Both osteoporosis and high blood pressure are major diseases in the recent aging society and may share the same
background genetically and environmentally. Although several antihypertensive drugs, thiazides, beta (β)-blockers and
angiotensin converting enzyme (ACE) inhibitors, are reported to decrease the risk of bone fractures, calcium channel blockers
(CCBs), which are widely used as first line drugs, have not shown significant effects. As treatments to prevent aging-
related diseases simultaneously are desirable, a simple approach to identify drugs effective for both diseases is essential.
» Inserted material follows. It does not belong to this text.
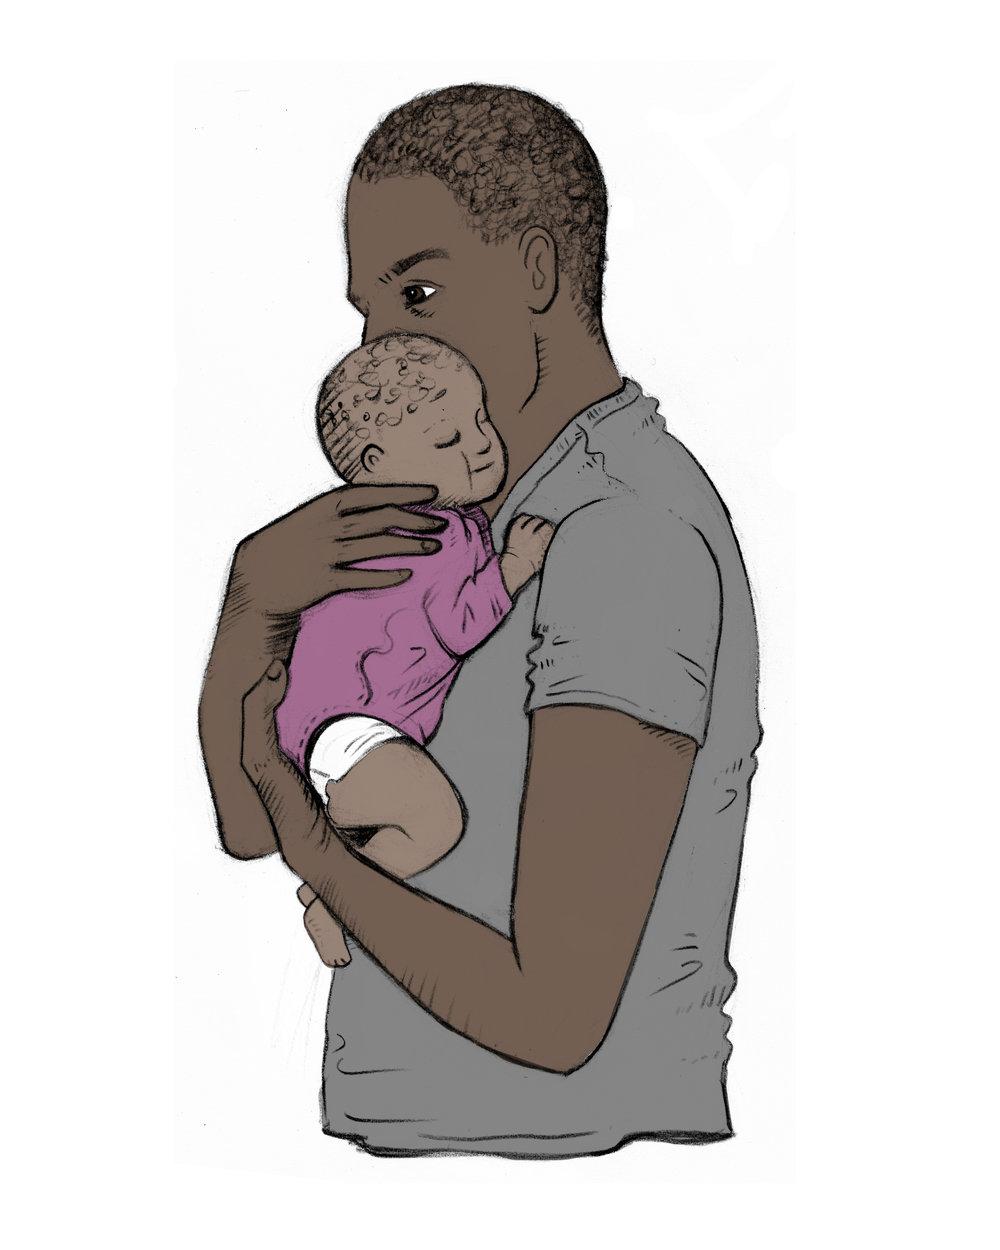 FASD_AWARENESS_ILLUSTRATIONS-FATHER_WITH_NEWBORN.jpg

In this study, we screened various antihypertensive drugs with a focus on osteoclast function of acid secretion, bone
resorption and reactive oxygen species (ROS) activity. Extracellular acidification in the resorption lacunae of osteoclasts
was identified by acridine orange staining under a fluorescence microscope. Low pH of activated osteoclasts was identified
as red to orange waves, while neutral pH of resting osteoclasts was identified as yellow to green waves. These phenomena
were well correlated with the findings of excavated pit areas formed on the synthetic bone surface by active or resting
stage osteoclasts, respectively. It was shown that benidipine, cilnidipine, olmesartan and calvedilol strongly attenuated
acid secretion of osteoclasts, azelnidipine moderately, and hydrochlorothiazide mildly reduced the secretion, while
amlodipine and telmisartan did not. Overall, screening drugs by osteoclast acidification by fluoresence microscopy might
be a useful approach for evaluating the action of drugs on bone metabolism.